Hacker News new | ask | show | jobs
by hudon 2335 days ago
If you're capable of playing a long con, it costs much less than the stated dollar prices.

With Bitcoin, for example, a smart malicious actor could infiltrate the Core development team and through their social capital make certain malicious pull requests get merged. This way, if the chain ever splits (let's say, due to a bug you planted), you can actually also influence miners to hop onto a minor chain without you ever owning any hashing power!

To see how this is done, look at the 2013 Bitcoin fork and see how a couple developers steered large miners away from the majority chain: https://freedom-to-tinker.com/2015/07/28/analyzing-the-2013-...

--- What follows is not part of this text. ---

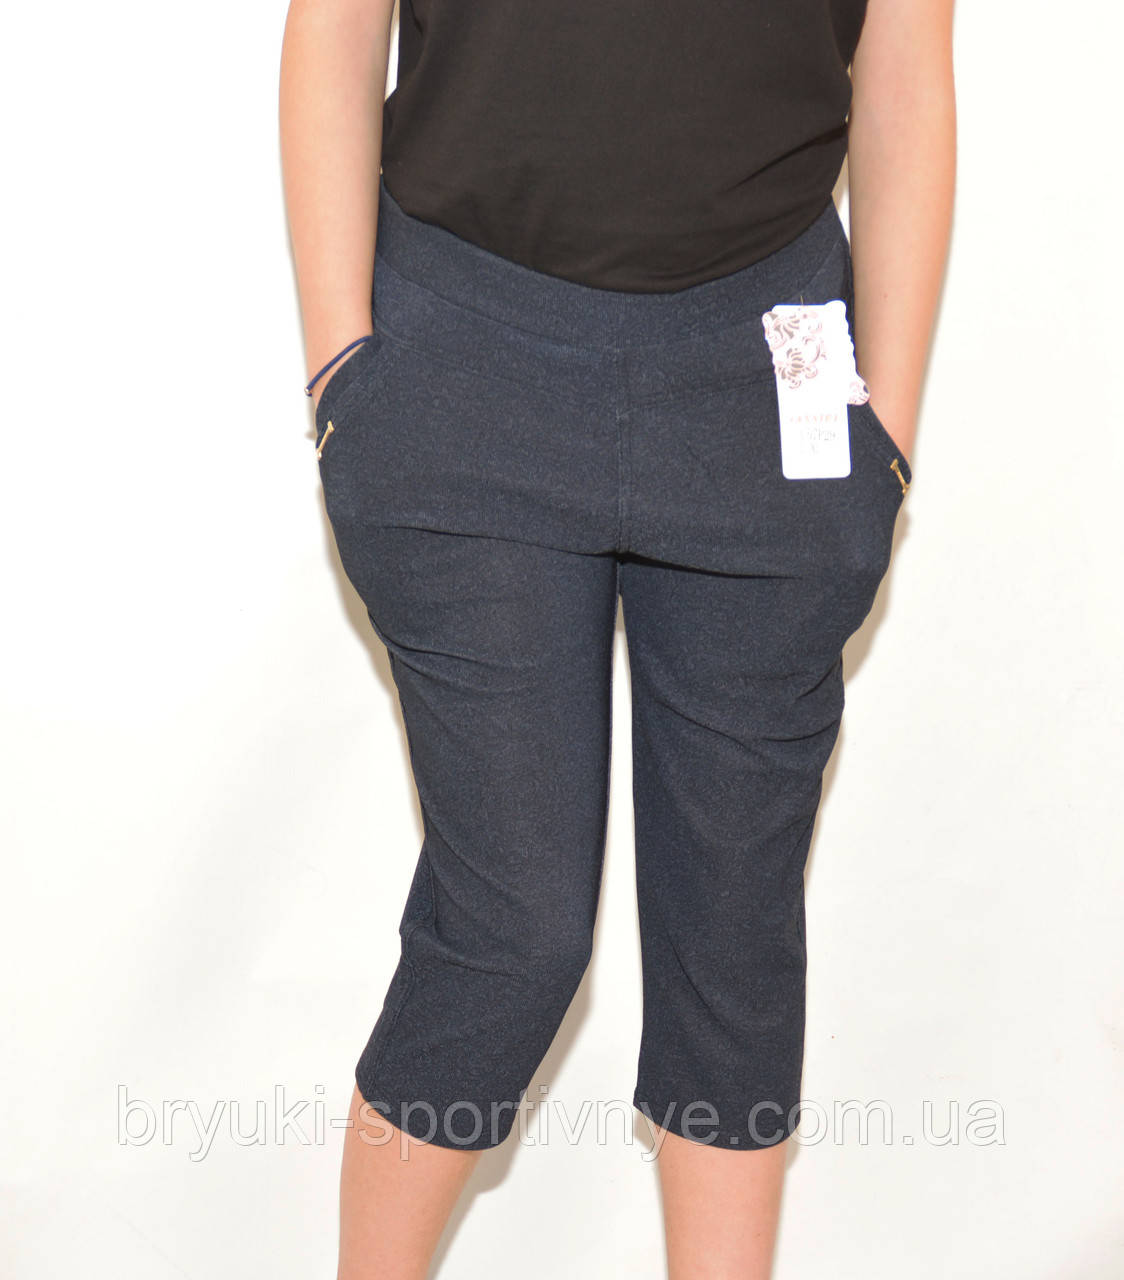 Бриджи женские большие размеры - Узор

The only counter-argument to this is how code reviews should catch this, but history has clearly shown that bugs (including supply-inflation-causing ones) make it into cryptocurrencies all the time: https://en.bitcoin.it/wiki/Common_Vulnerabilities_and_Exposu...

Hash Rate is security theatre.

1 comments

The double spend is only possible against specific counter-party, for example an exchange or a merchant.

For very large value transfers exchanges are expected to wait for 100 confirmations (~17 hours) until they credit balance.

It's all probabilistic.

Finally, Bitcoin PoW is not security theatre, it is just one piece of the complex security system.

The most recent bug (that we know of) that allowed double-spend was in production for over a year [0] (~Sept 2017 to ~Sept 2018). I don't think it is possible to accurately determine the probability of this bug being exploited (because you are right, it is "all probabilistic"), but this inability to determine the probabilities is precisely why PoW is security theatre. PoW has always been painted as a mathematical model of the security of the system (see featured article), but in reality this model is not accounting for the much more realistic attack vectors. Hence it fails to be an accurate model.

If you're just saying that PoW isn't painting the whole picture, I agree with you.